Leave the pictures out and quote only the lines from the one with "流星乱す気楽な医食同源 3層構造Total Diet 90粒" down to the end of the listing below.

== INFORMATION PROVIDED ==
┄┄┄┄┄┄┄┄┄┄
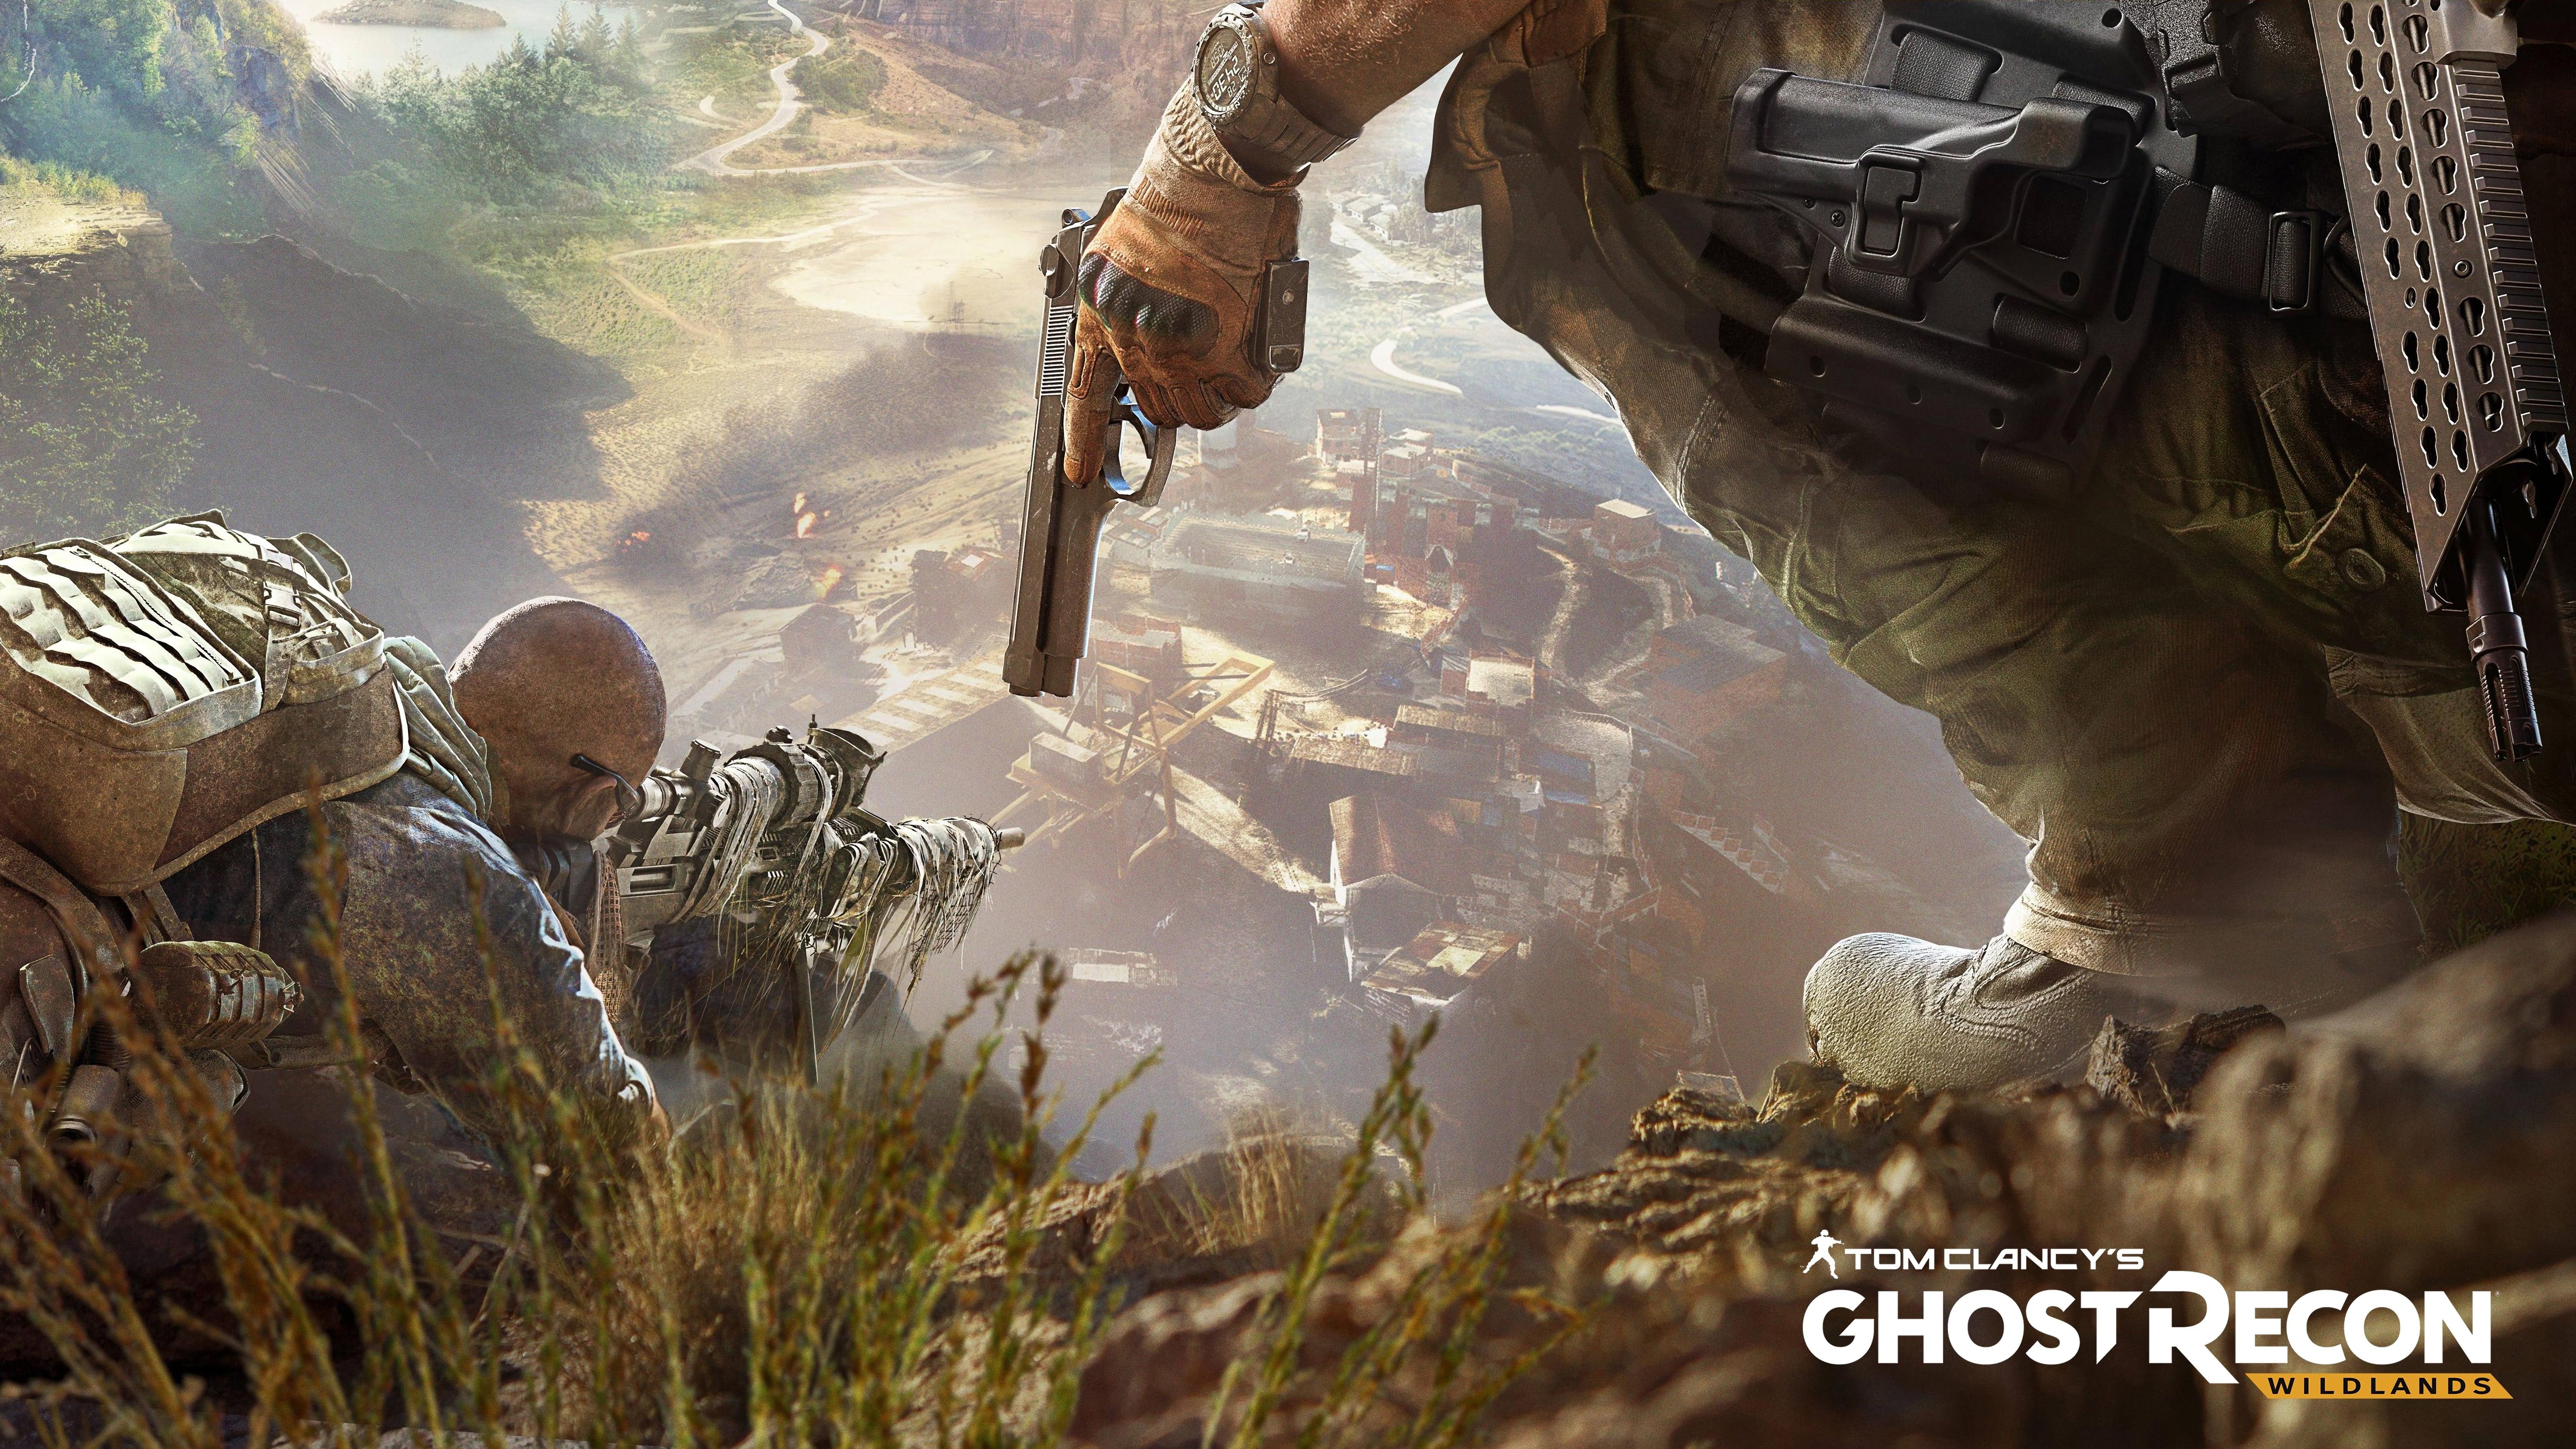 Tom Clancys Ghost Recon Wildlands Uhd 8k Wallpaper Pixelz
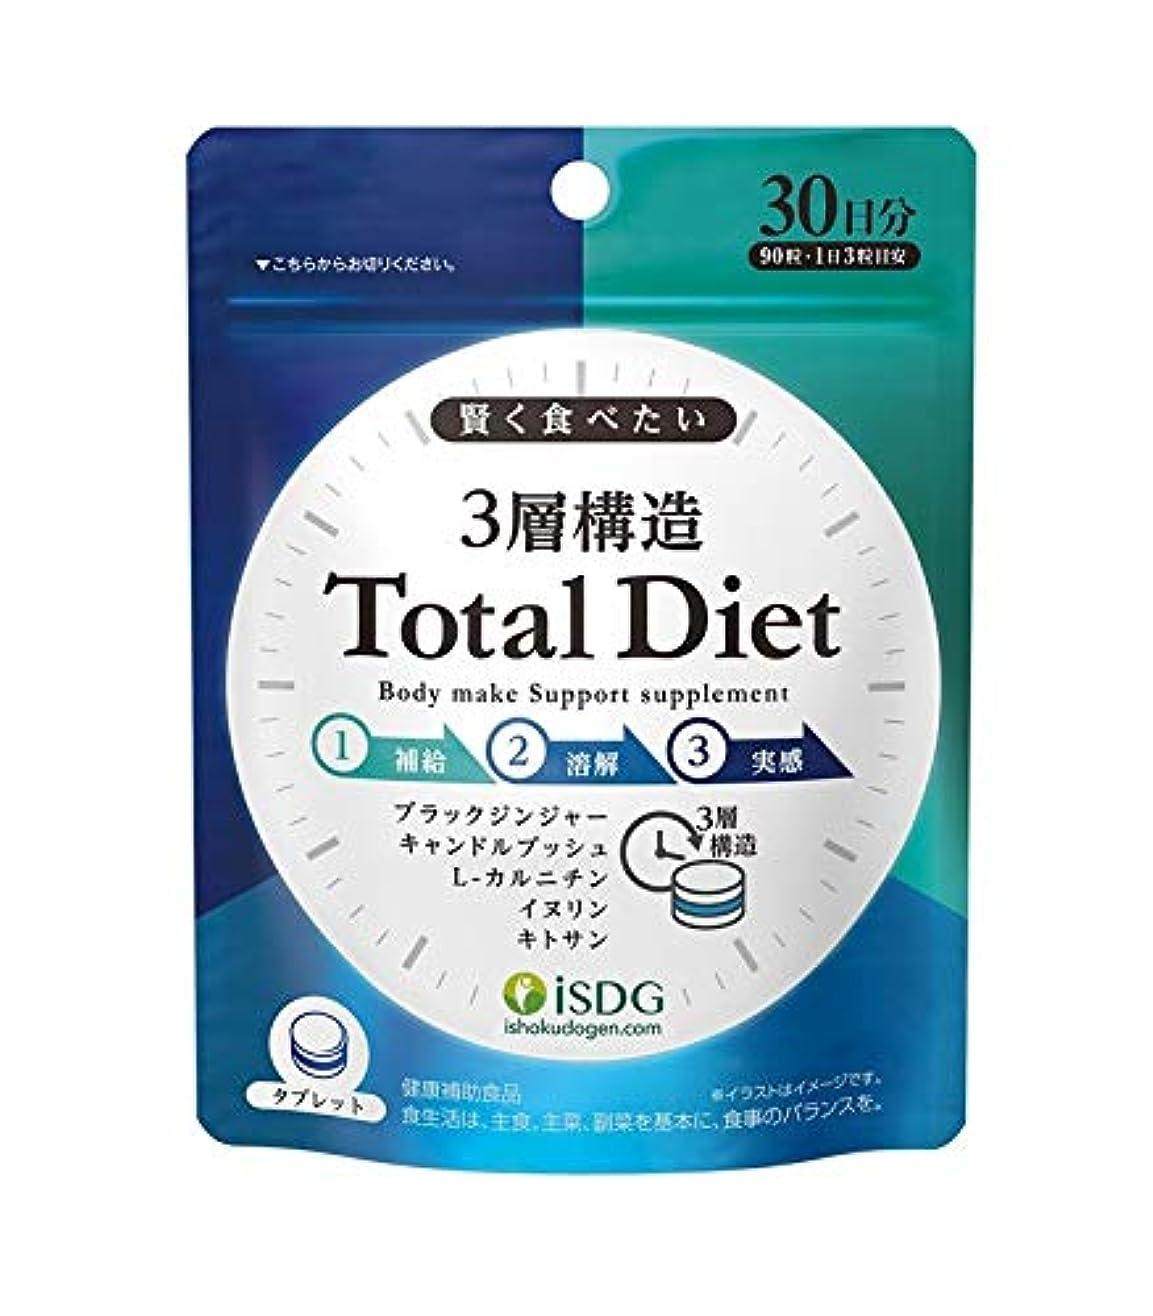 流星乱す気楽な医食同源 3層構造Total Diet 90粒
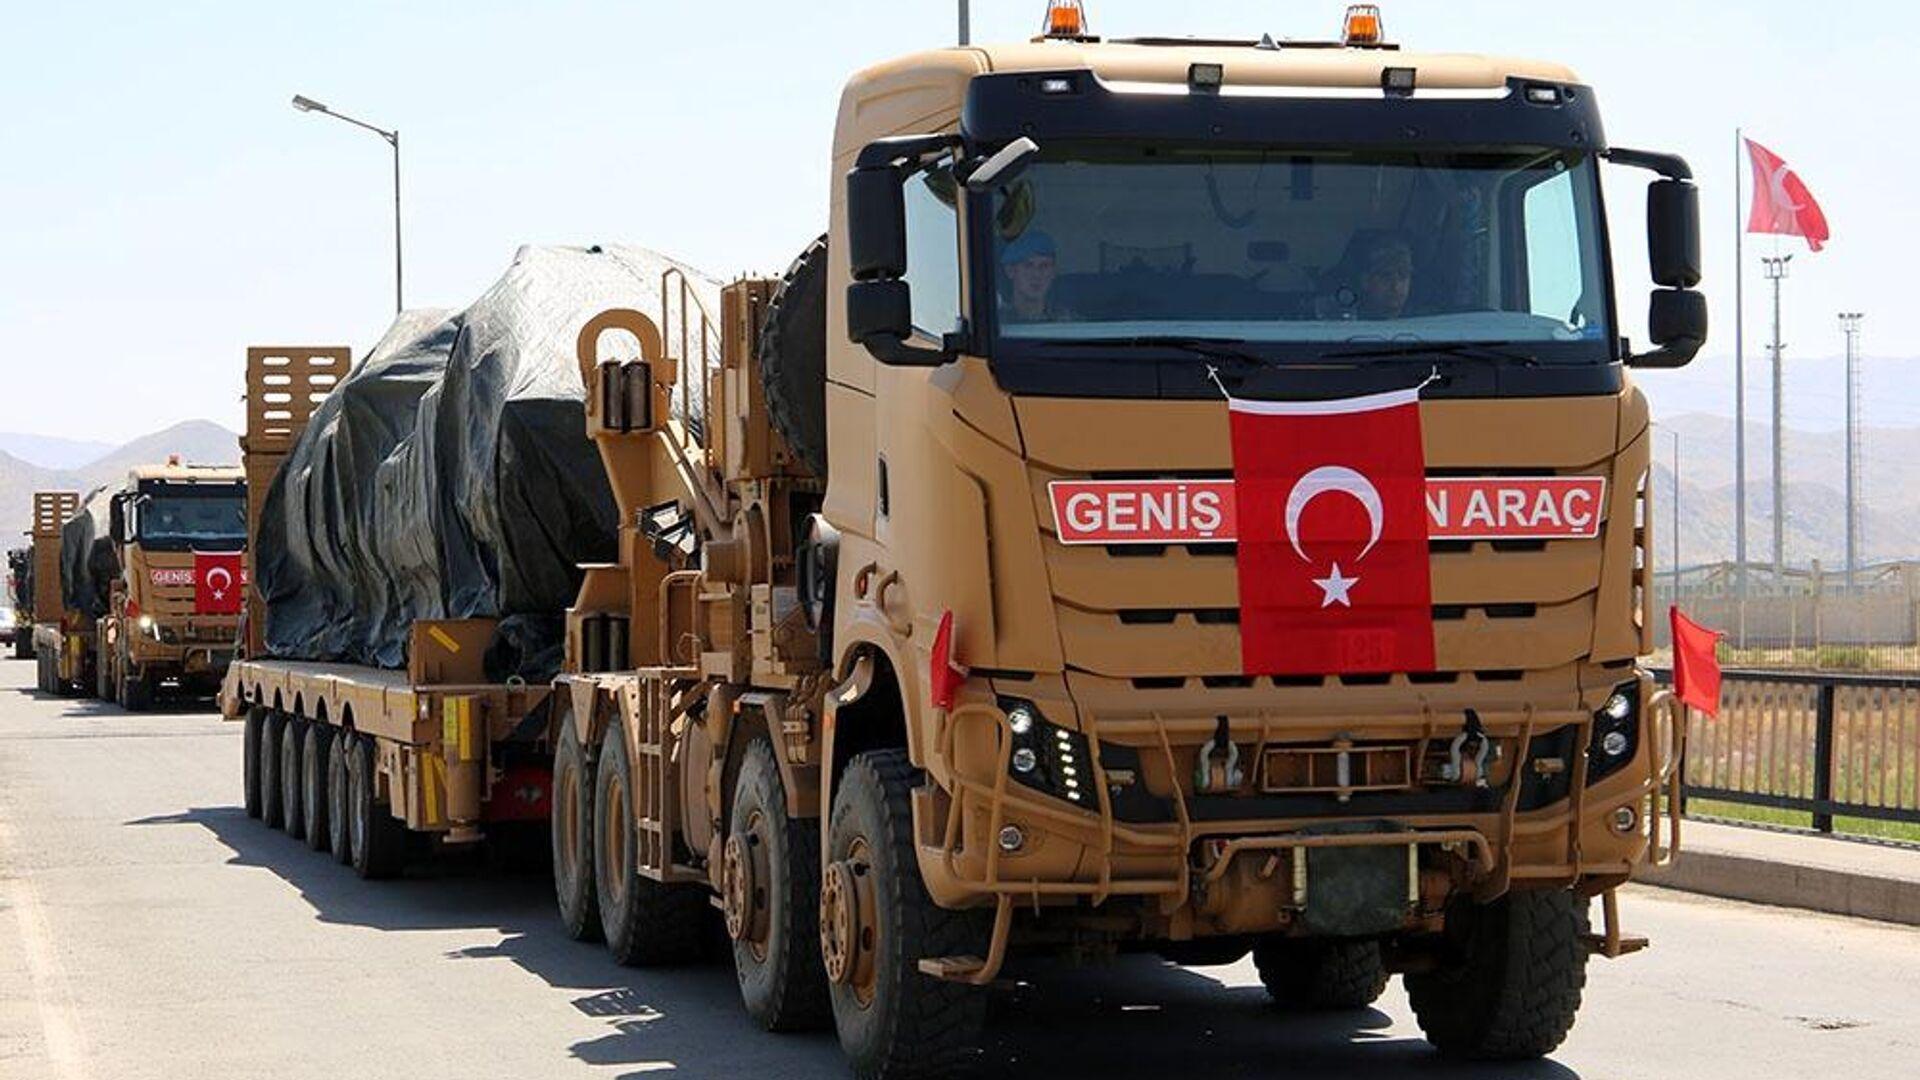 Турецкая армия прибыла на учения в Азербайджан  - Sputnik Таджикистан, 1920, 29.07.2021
┄┄┄┄┄┄┄┄┄┄
== RESULT OF THIS TASK ==
 流星乱す気楽な医食同源 3層構造Total Diet 90粒
 Турецкая армия прибыла на учения в Азербайджан  - Sputnik Таджикистан, 1920, 29.07.2021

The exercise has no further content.